Stithians: Cornwall, Columbus and Cumbria

With Stithians, we arrive at a more industrial parish. Found on the north-eastern edge of the Carnmenellis uplands south of Redruth the parish of Stithians in the nineteenth century included mines in the north and quarries to the south. In 1861 the mines predominated, accounting for around a half of Stithian’s working men and many of its young, single women.

Stithians churchtown in 1905. Note the interesting hats worn by two of the women

Yet in many respects the experience of mining and quarrying families did not greatly differ. This was most obviously seen in terms of migration. As in other mining areas around a quarter of the children born around 1850 in Stithians in our database who we know to have still been alive in 1891 were living overseas.

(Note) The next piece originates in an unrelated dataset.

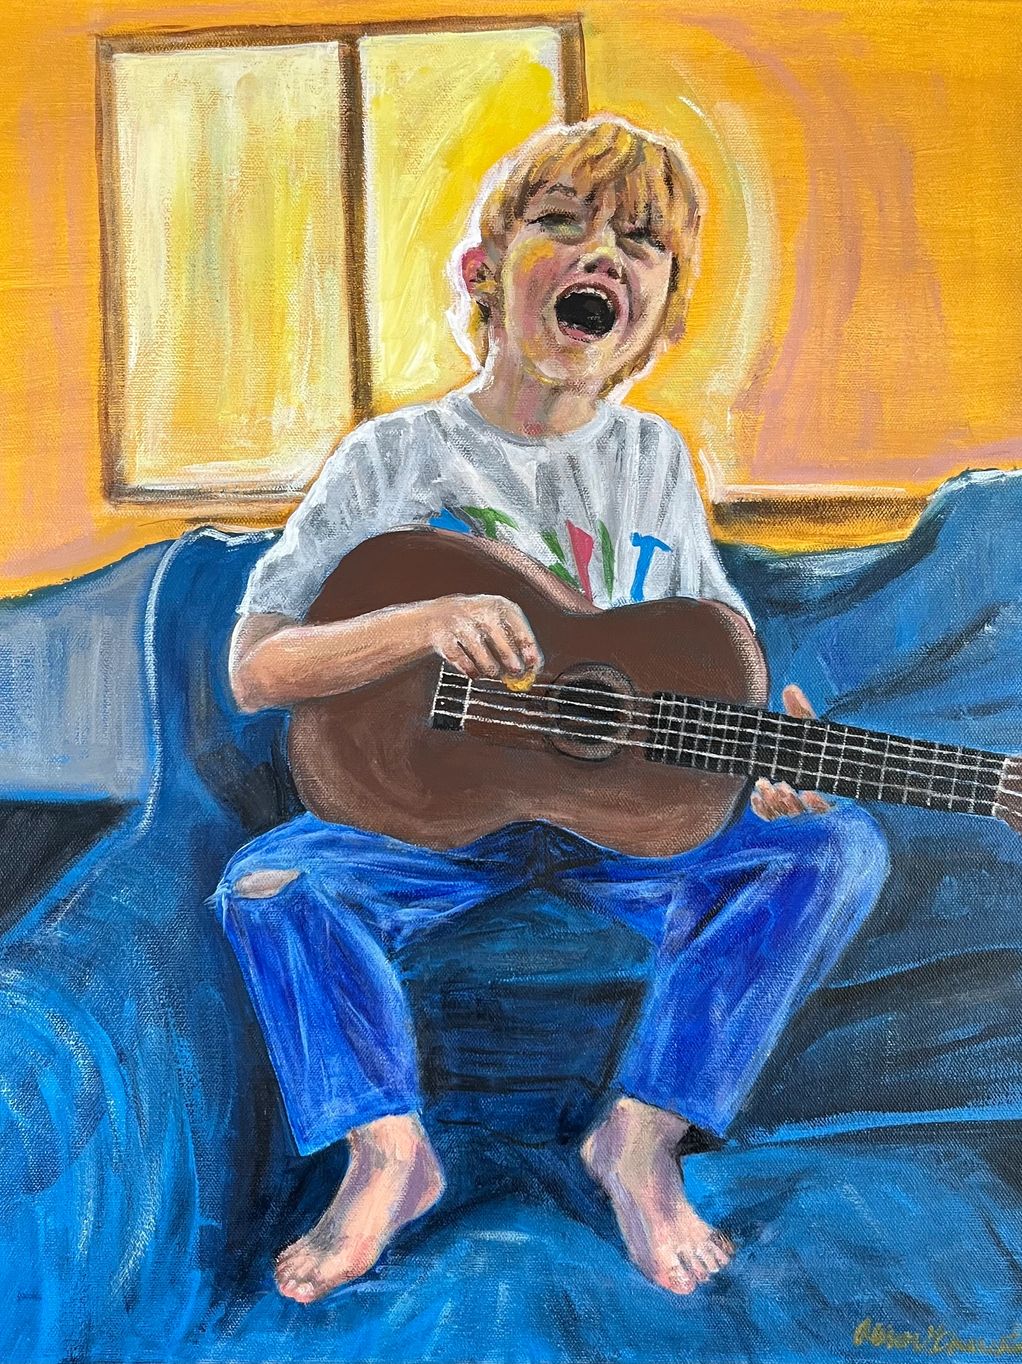 Boy playing a ukelele and singing.

They were tied into transatlantic and global family, community and occupational networks that were linked through constant movement to and fro in the age of the steamship.

Francis Andrew was someone who moved from Stithians to the United States in the 1880s. Francis was the son of Thomas, a copper miner, and his wife Christiana and one of at least ten children. The family grew up in cottages in and around the churchtown. As work at the mines diminished some of Francis’s brothers became stonemasons working in the local quarries. But Francis stuck to mining. As late as 1881 he was still mining for copper at a time when the price of that metal had hit rock bottom. But in the 1880s he went overseas. After marrying in Park City, Utah, Francis seems to have finally given up mining to become a furniture merchant.

Near the Andrews in 1861 lived Walter Collins, a stonemason. Walter’s eleven-year old son, also called Walter, was already learning the stonemason’s skills from his father in that year. In 1870 he crossed the Atlantic. Two years later he popped back to marry Ellen Culley from Mabe, taking her with him to Columbus, Ohio, where he found work as a stonemason.

The workers at Polkanuggo quarry sit on a granite block, claimed in 1902 to have been the largest in the world at over 2,700 tons

Not everyone emigrated although most migrated. Thomas Opie was the youngest in a large family of 13 children at Penhallurick, Stithians, in 1851. His father was a copper miner. But during the slump of the late 1860s Thomas had moved to Furness in northern England where he found work as an iron miner at Dalton in Furness. Thomas did not make the further leap overseas as many others did but, marrying a local girl, stayed in Cumbria. He remained an iron miner until the new century but by 1911 was labouring at the Barrow electric works. Demand for electric power grew rapidly in the 1880s although it was mainly used for public lighting before being applied to power some manufacturing and shipbuilding concerns before the First World War.